Hay personas para las que la esperanza es incluso una especie de indignidad, más propia de reformadores sociales que de héroes trágicos. George Steiner admira una forma de «tragedia absoluta» que esté «incontaminada» de algo tan despreciablemente pequeñoburgués como la esperanza. «En la alta tragedia —señala
— la nada lo devora todo como un agujero negro», una condición que el más mínimo indicio de esperanza sólo puede adulterar. La grandeza de la tragedia, ostiene Steiner, se ve disminuida por esos fútiles anhelos. En realidad, esto no es así en la Orestíada de Esquilo, ni en las obras trágicas de Shakespeare, que deberían ser
consideradas lo bastante elevadas para el gusto de cualquiera. Pero la tragedia, según Steiner, no es connatural a Shakespeare, que por eso insiste en diluir la pura esencia de la desesperanza con vulgares insinuaciones de redención. La visión del Doctor Fausto de Christopher Marlowe, por el contrario, una obra a todas luces desigual y floja, es desapasionada en todo momento y, por tanto, «profundamente noshakespeariana». Esta descripción pretende ser un cumplido. La tragedia desdeña toda esperanza social, por lo que es un modo inherentemente adverso a la izquierda.

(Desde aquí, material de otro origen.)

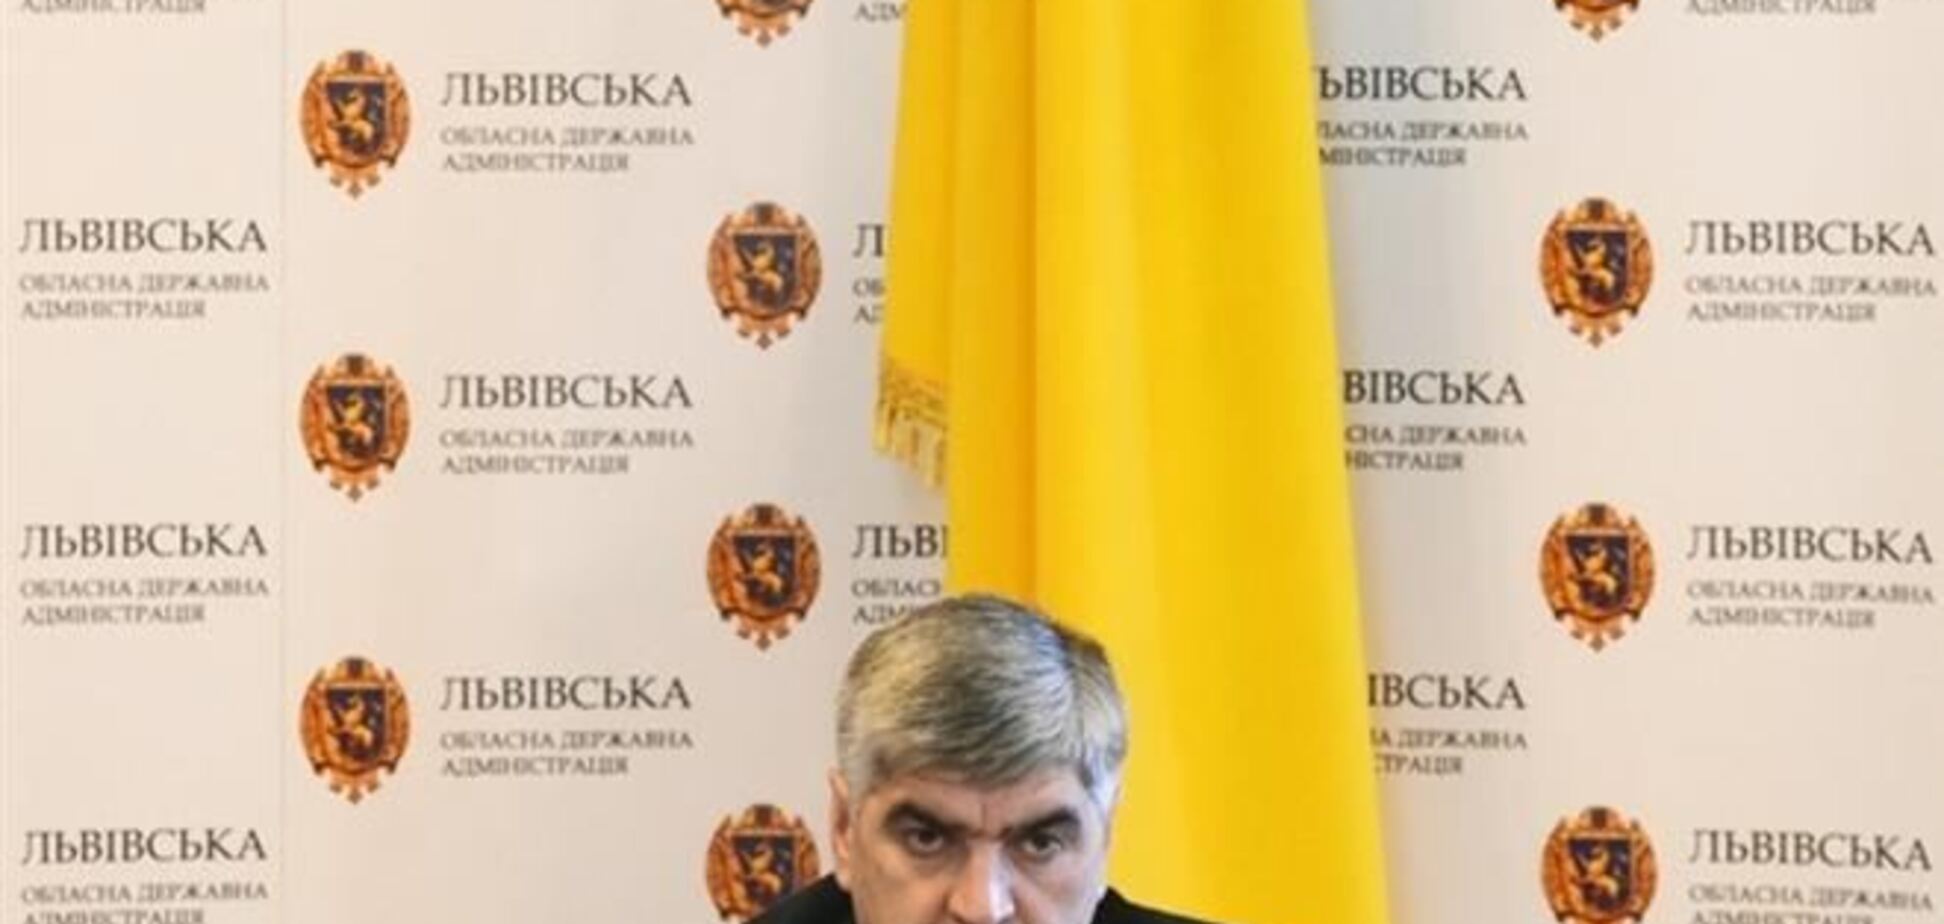 Львівський губернатор Сало вже не йде у відставку після захоплення ОДА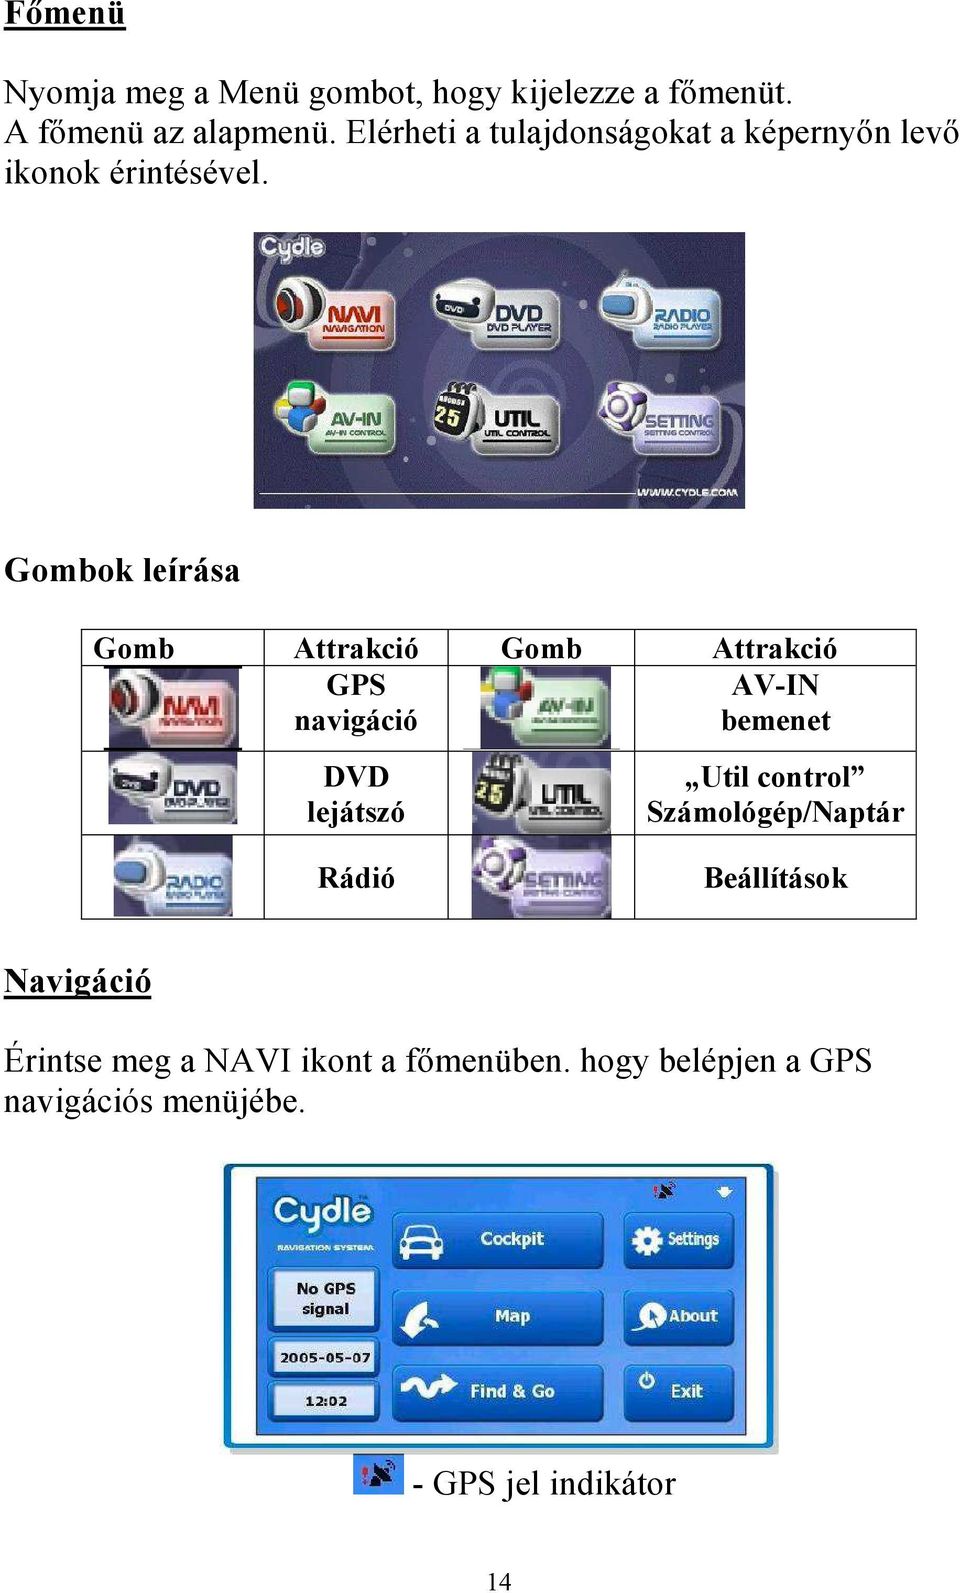 Gombok leírása Gomb Attrakció Gomb Attrakció GPS AV-IN navigáció bemenet DVD lejátszó Util

El pesimismo es una posición política.
El filósofo católico Peter Geach adopta un punto de vista igualmente negativo sobre la esperanza, aunque por razones diferentes. Si la esperanza no está basada en el evangelio cristiano, sostiene, entonces no se puede hablar de esperanza. Resulta difícil creer que la expectativa de comer decentemente pueda ser invalidada por el hecho de que no se basa en la muerte y resurrección de Jesús. Pero incluso si, en último término, el cristianismo fuera la única esperanza de la humanidad, eso no significaría que cualquier aspiración que no estuviera a la altura del reino de Dios estaría condenada al fracaso.
La izquierda política puede ser tan escéptica sobre la esperanza como la derecha steineriana. Claire Colebrook, por ejemplo, juega con la idea de un «feminismo sin esperanza». «Parece que el feminismo —escribe— debería abandonar la esperanza — esperanza de un novio más rico, pechos más grandes, muslos más finos y un bolso de moda cada vez más inasequible— para imaginar un futuro que “nos” libere de todos los clichés que nos hemos tragado y que nos han drogado hasta enervarnos. La utopía sólo podría alcanzarse con una intensa desesperanza».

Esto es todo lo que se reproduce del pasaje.